Activity: Nothing but the lines from the one containing "Soft Foam Bandage Cederroth 6cmx2m" through the last line of the material should appear in the answer, transcribed exactly, pictures excluded.

Raw data:
================

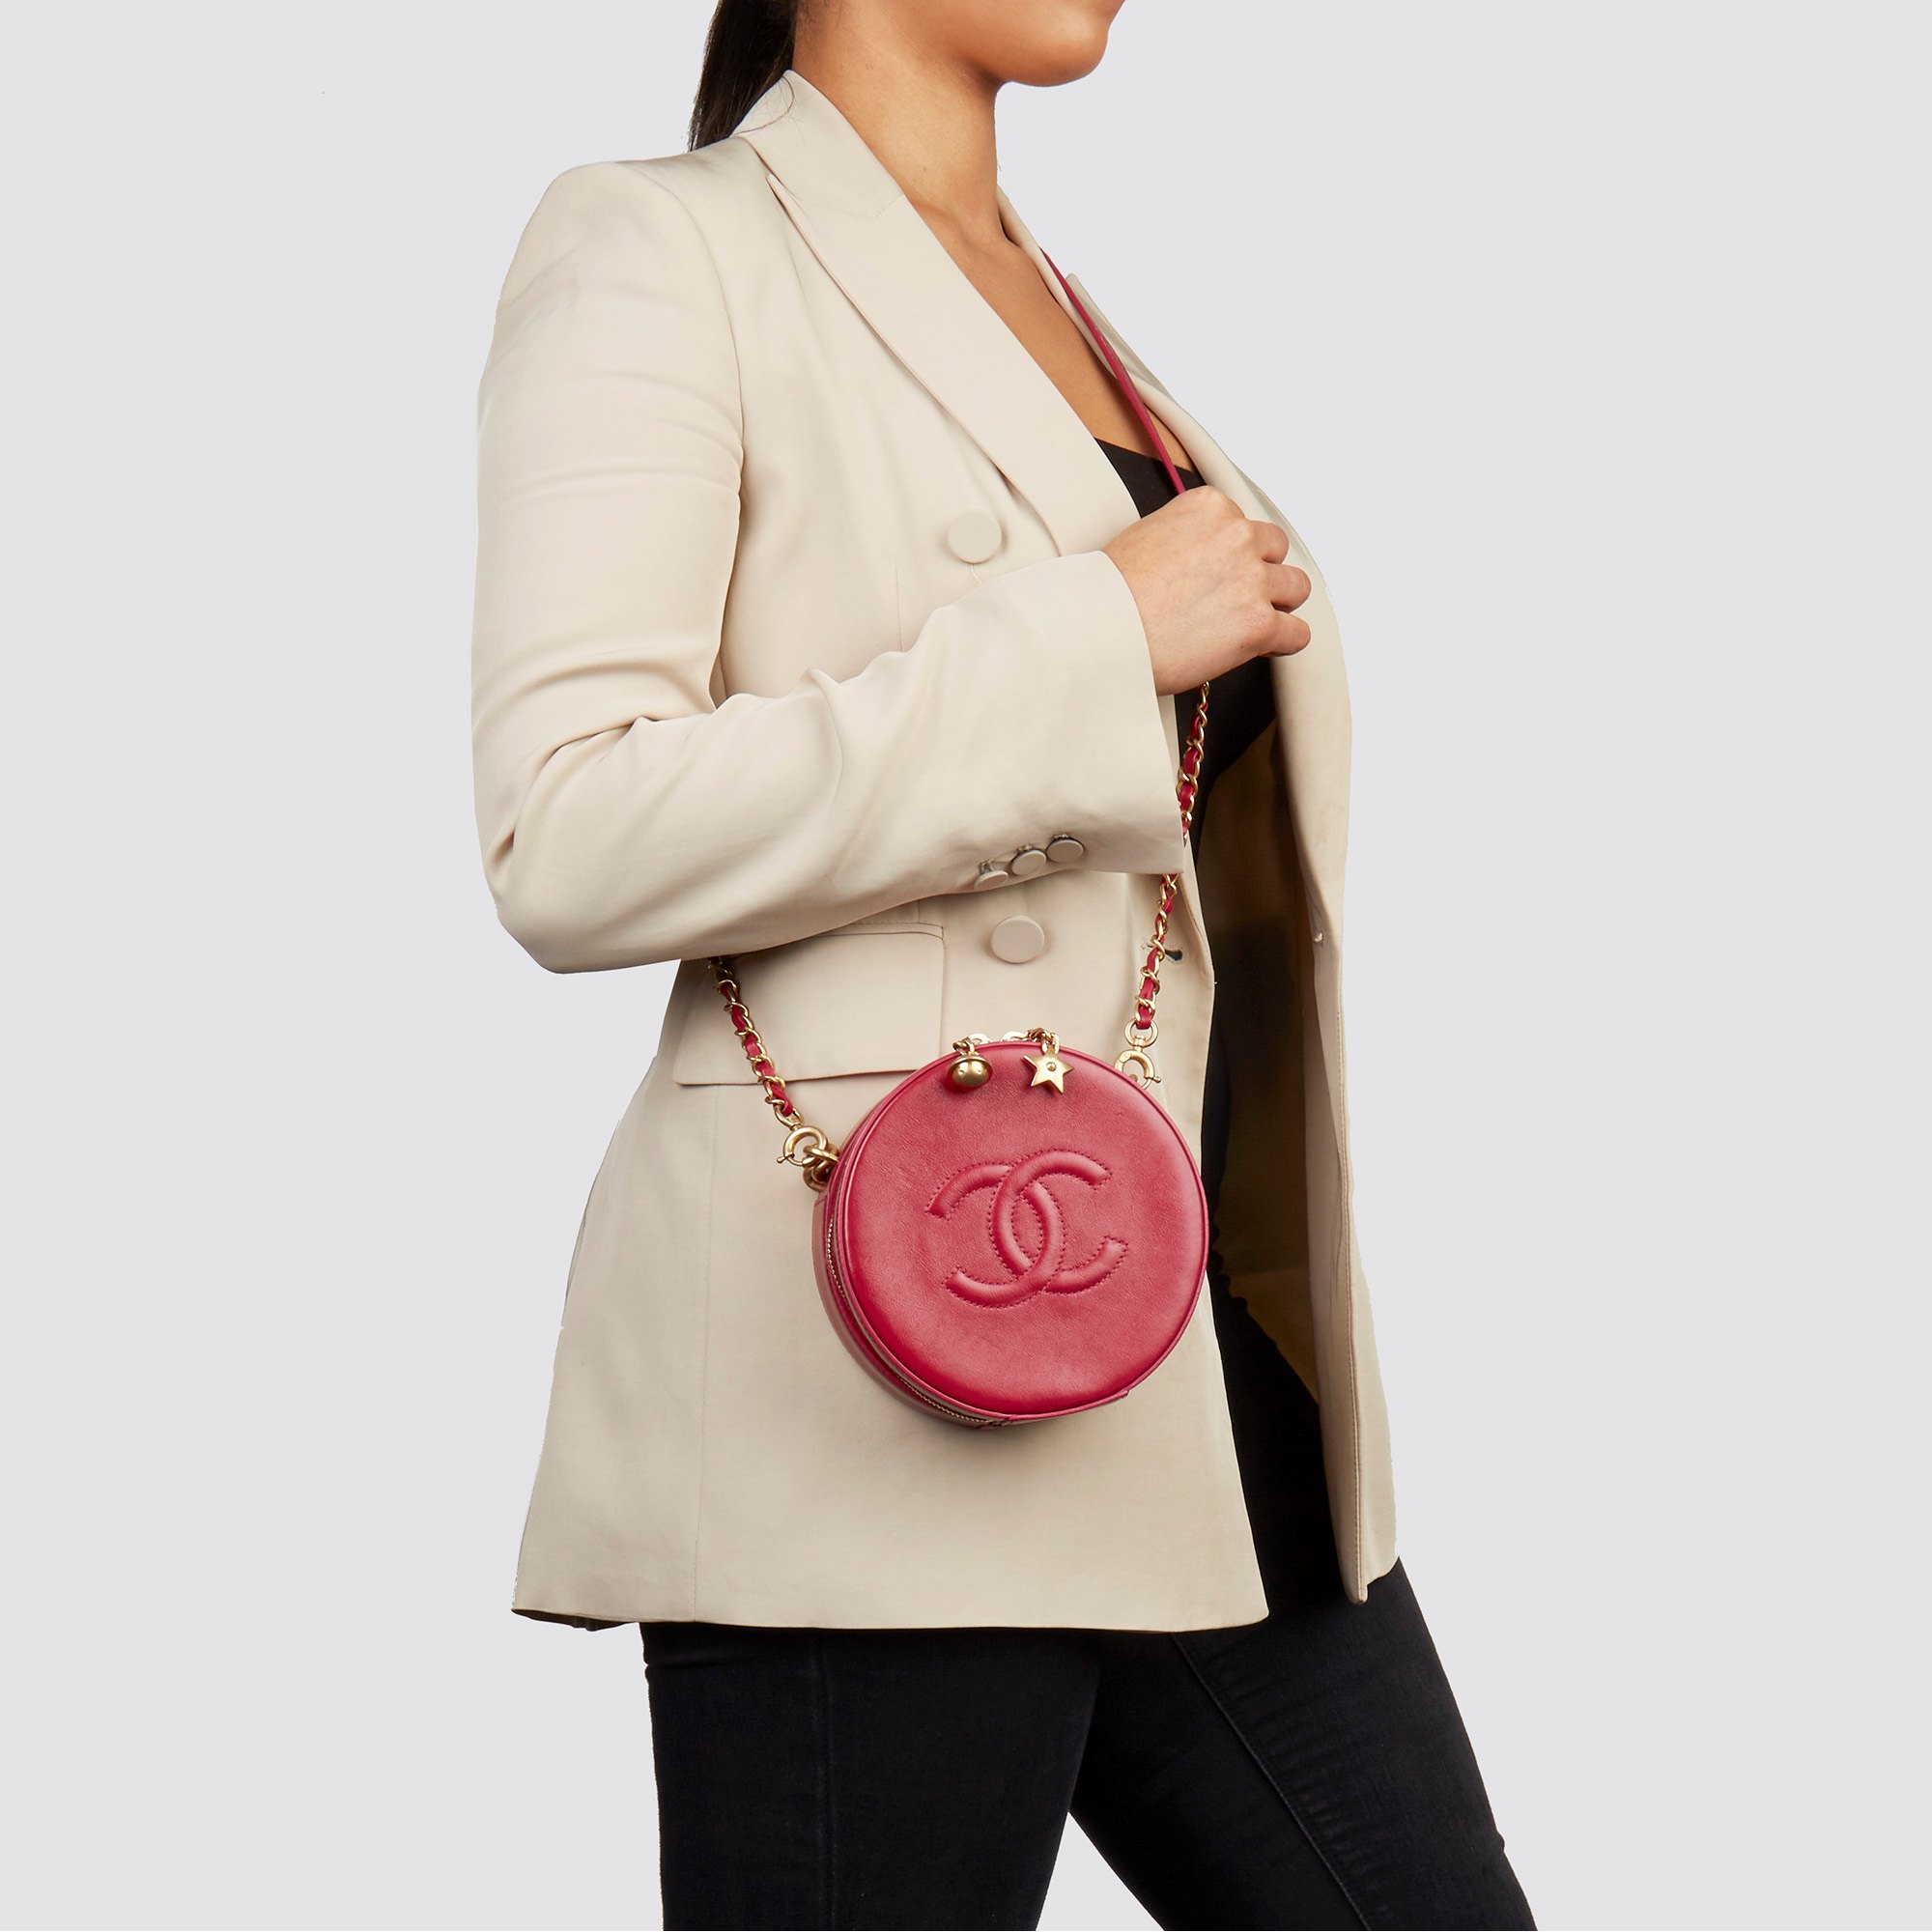 Chanel Raspberry Glazed Calfskin Leather Round as Earth Bag
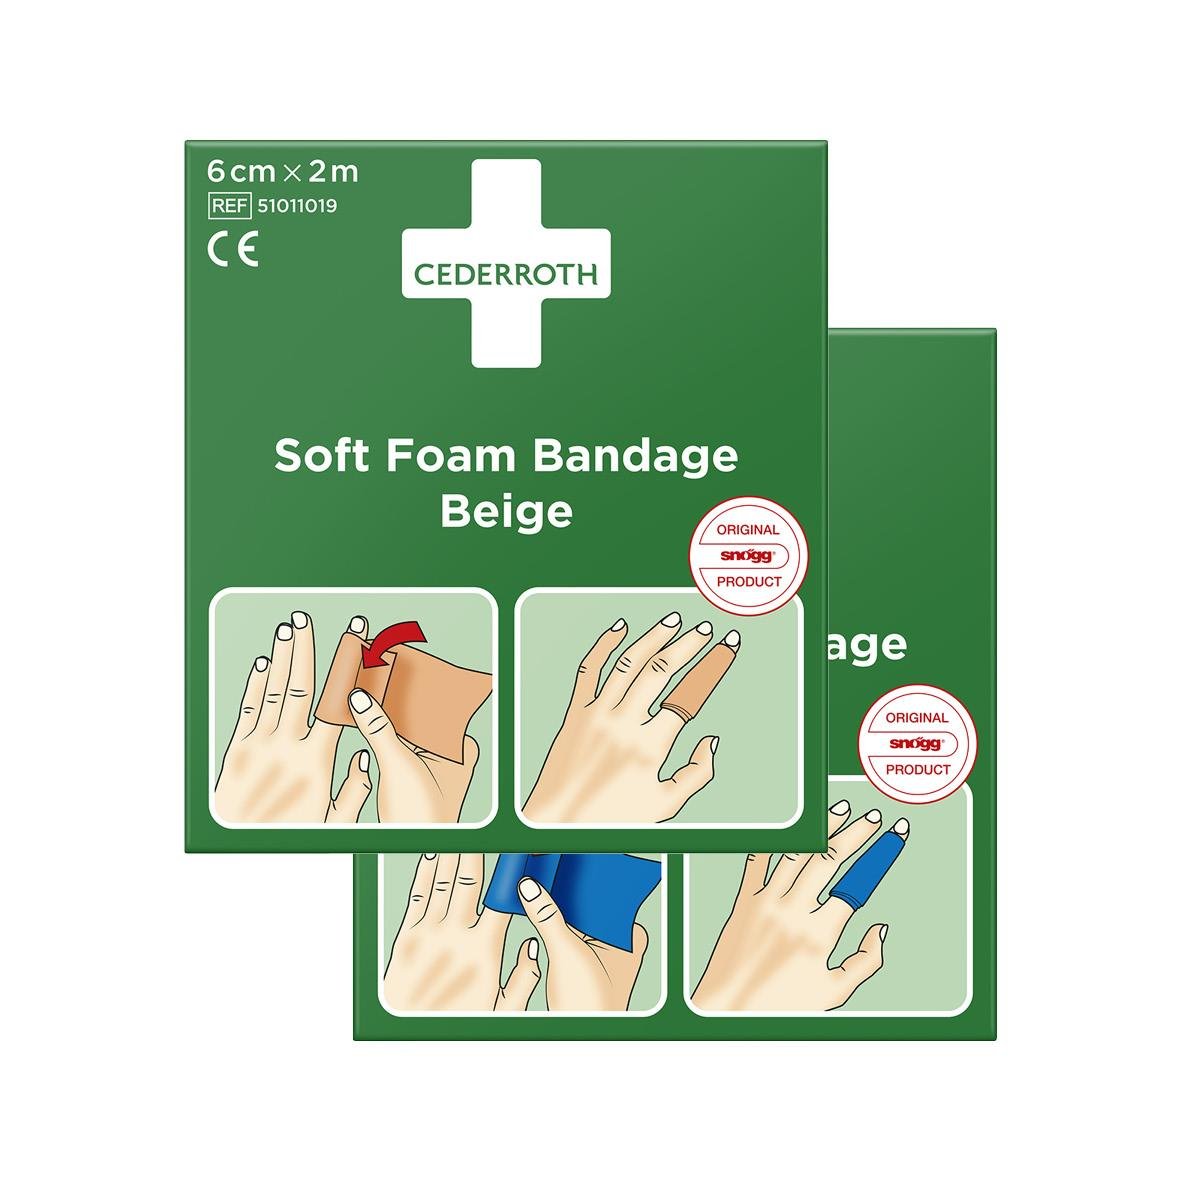 Soft Foam Bandage Cederroth 6cmx2m
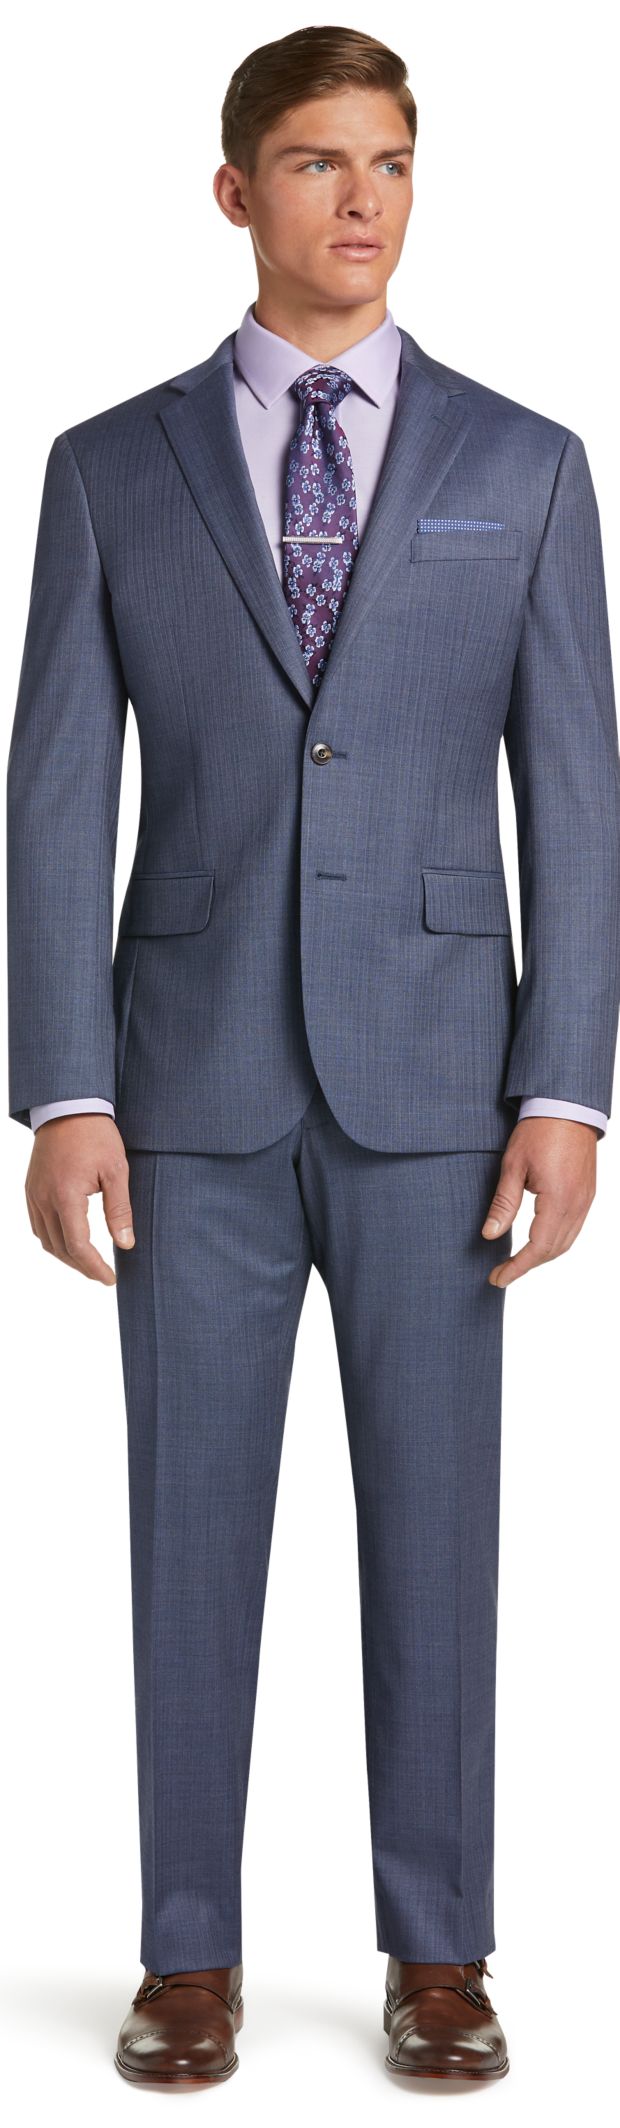 1905 Collection Herringbone Slim Fit Suit with brrr°® comfort - Big ...

================

Your response:
 Soft Foam Bandage Cederroth 6cmx2m
 1905 Collection Herringbone Slim Fit Suit with brrr°® comfort - Big ...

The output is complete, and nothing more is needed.